Sie hatte das Richtige getroffen. Don Raffael stöhnte leise, sagte aber eine lange Weile nichts mehr. Da Catterina keine Anstalten machte, ihm weiter behilflich zu sein, sondern sich fröstelnd zurücklegte und die Decke über sich zog, versuchte er sich selbst zu helfen; und nach mehreren vergeblichen Anstrengungen glückte es ihm tatsächlich, mit den Fingern seiner rechten Hand seinen linken Oberarm zu ergreifen. Er stieß einen Seufzer der Erleichterung aus und verschwendete vorläufig keinen weiteren Gedanken auf Dinge, die nicht unmittelbar mit der Wiederherstellung seiner Freiheit zu tun hatten. Erst nachdem es ihm gelungen war, sich aufzusetzen und die Beine anzuziehen, sprach er wieder. "Warum habt Ihr denn heute nacht keine Hilfe geholt?" erkundigte er sich, während er begann, seine Wadenmuskeln zu massieren.

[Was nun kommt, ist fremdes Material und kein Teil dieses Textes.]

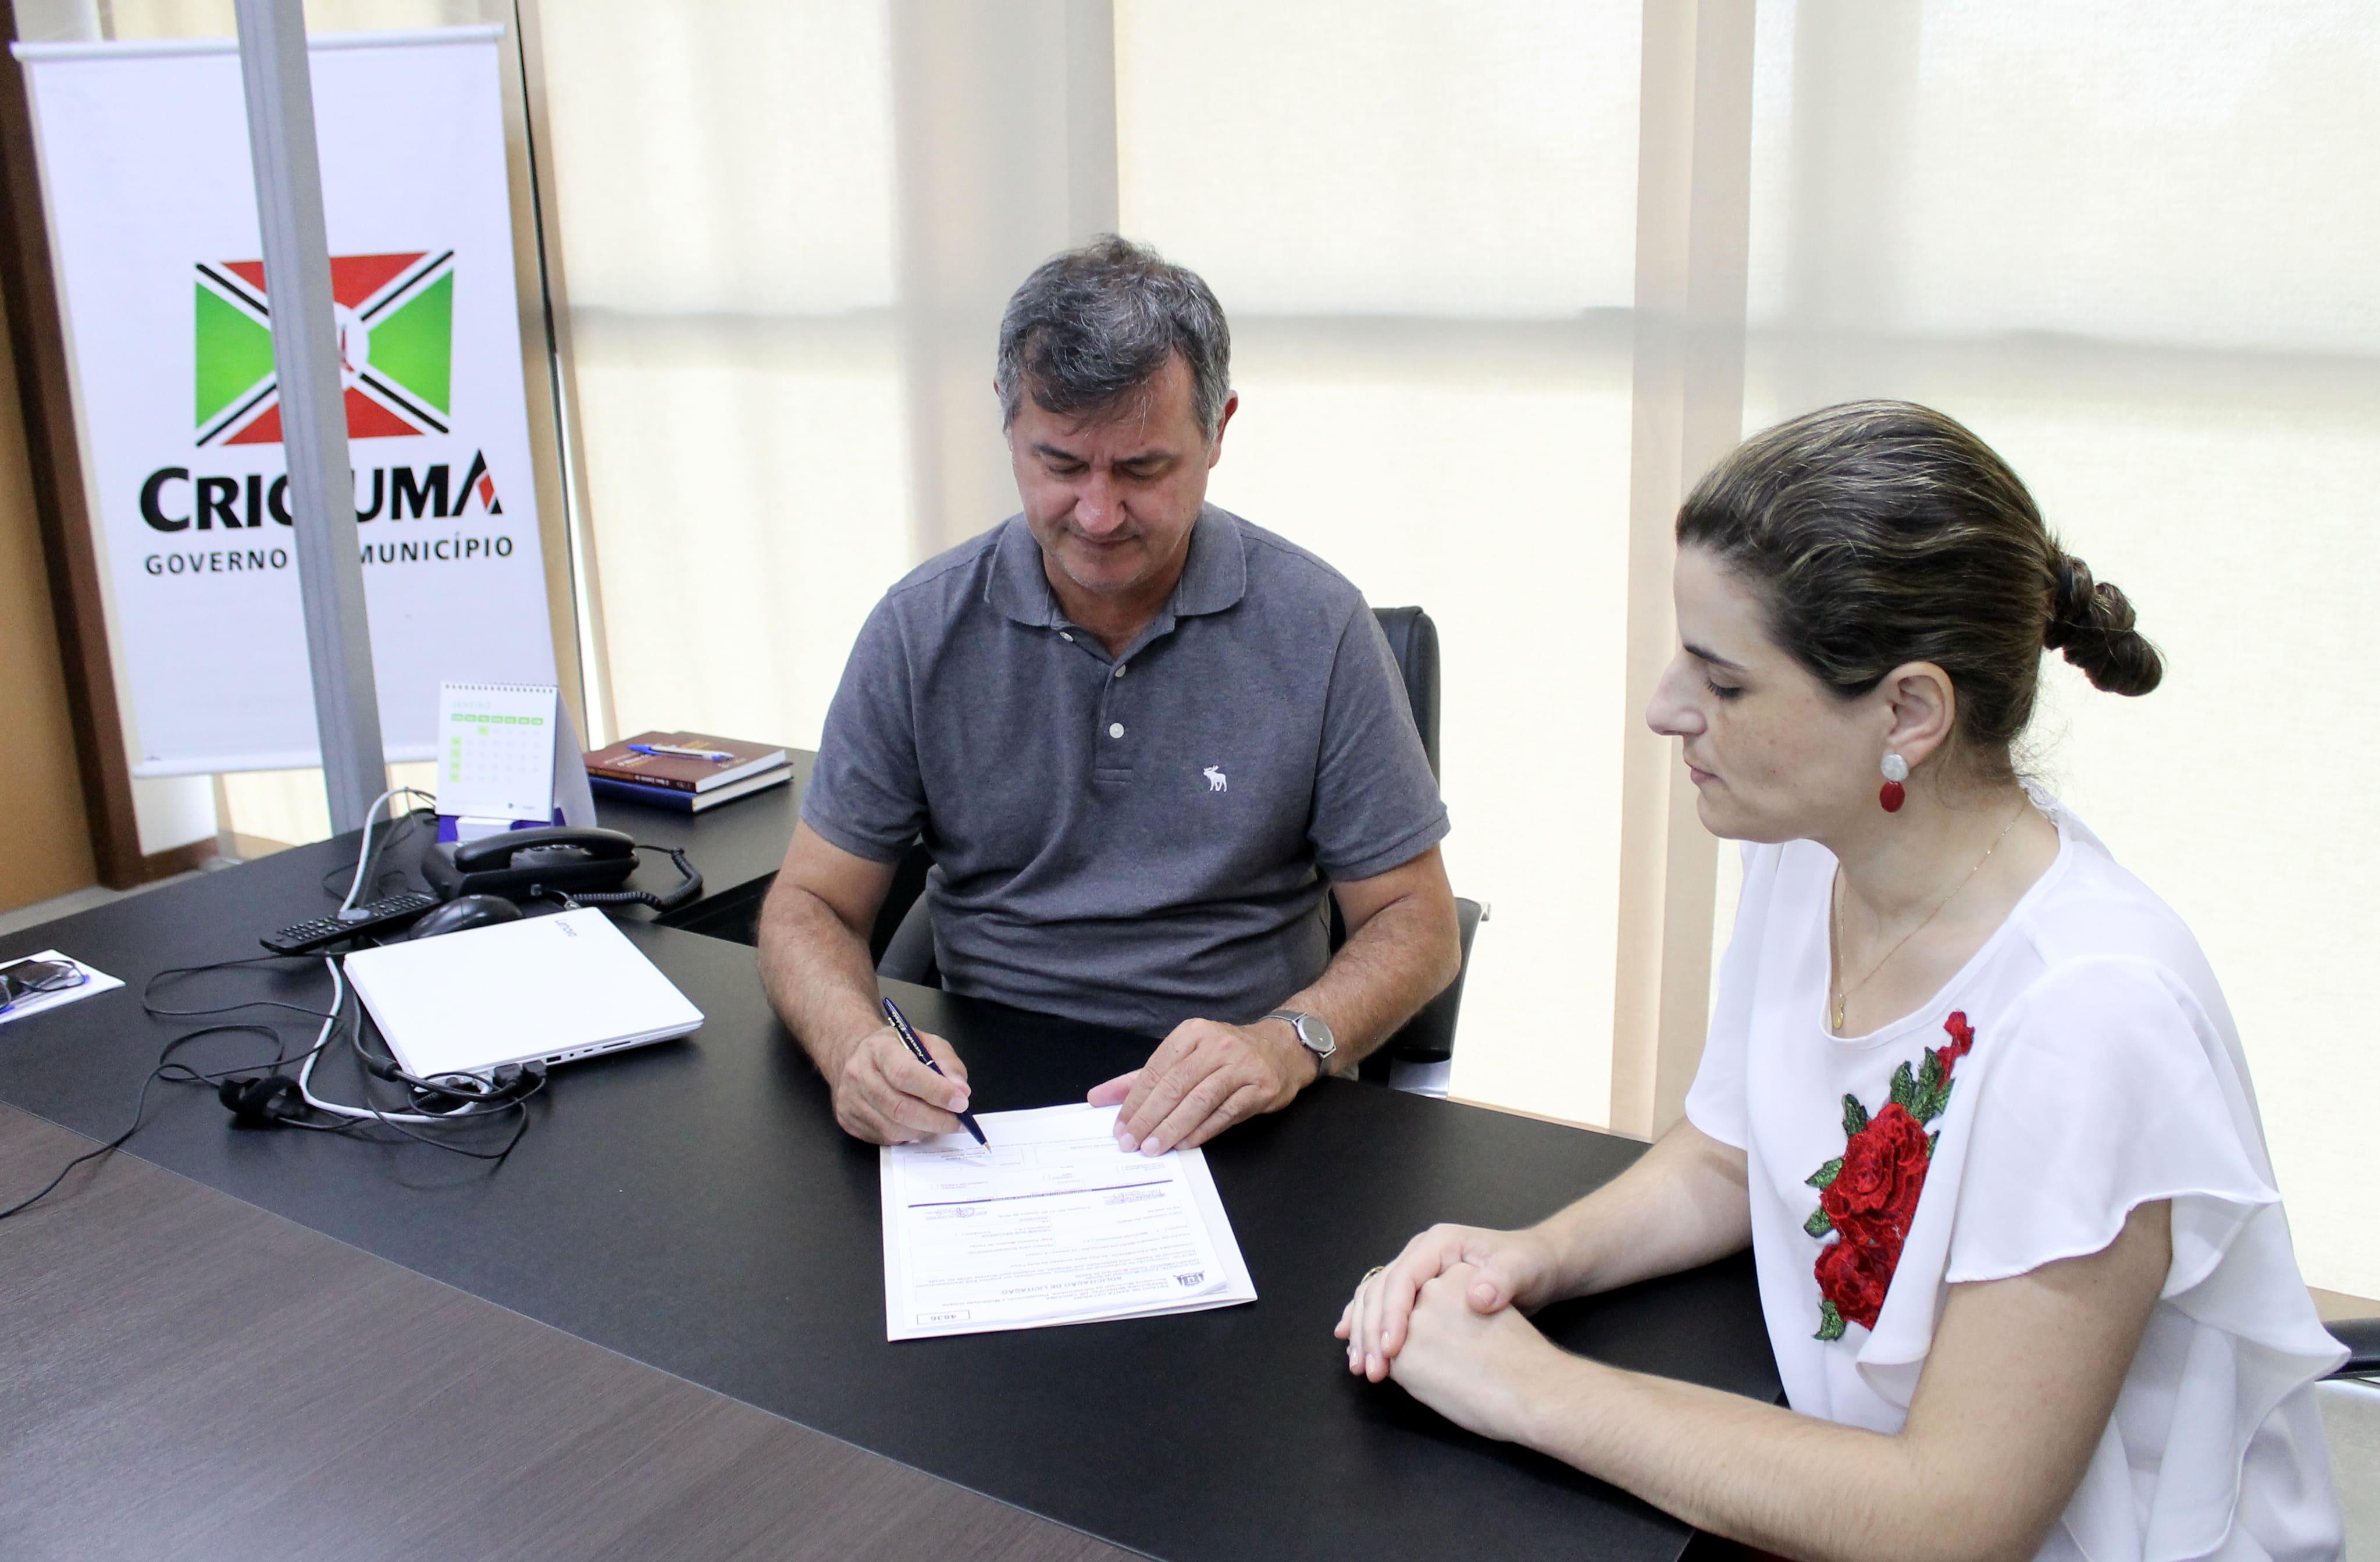 Campanha de vacinação: Dia 'D' supera expectativas em Criciúma

Das war eine heikle Frage, und Catterina konnte sich nur widerstrebend dazu durchringen, sie wahrheitsgemäß zu beantworten. Don Raffael hörte sich die trotzige Schilderung ihrer Ängste kommentarlos an, stieg schließlich aus dem Bett und unternahm vorsichtig tastend Gehversuche. Sie waren zittrig, mäßig erfolgreich und sehr schmerzhaft, und als die völlige Erschöpfung ihn aufs Bett zurückzwang, war er noch immer nicht von der Angst kuriert, daß dieser Anfall dauerhafte Schäden verursacht haben könne. Denn es war, wie er Catterina nach einer Verschnaufpause mitteilte, ein außerordentlich schwerer Anfall gewesen — der schwerste seit Jahren; und natürlich habe er sich das selbst zuzuschreiben.

"Ich hätte es wissen müssen," sagte er übellaunig. "Der Anblick von größeren Mengen Blut ist mir noch nie bekommen. Es war so gut wie sicher, daß heute nacht ein Anfall stattfinden würde, und ich war dumm genug, nicht daran zu denken! Statt über eine Menge nutzloses Zeug zu streiten, hätten wir besprechen sollen, was Ihr in einer solchen Lage tun und — vor allem, vor allem! — was Ihr unbedingt lassen solltet. Wäre ich von Anfang an sicher gewesen, daß Ihr keine Hilfe holen würdet, dann wäre die ganze Sache weit weniger übel verlaufen. Aber nach all dem Unsinn, den Ihr heute abend geredet habt — wie konnte ich da noch hoffen, daß Ihr in einem solchen Notfall imstande sein würdet, vernünftig zu handeln!"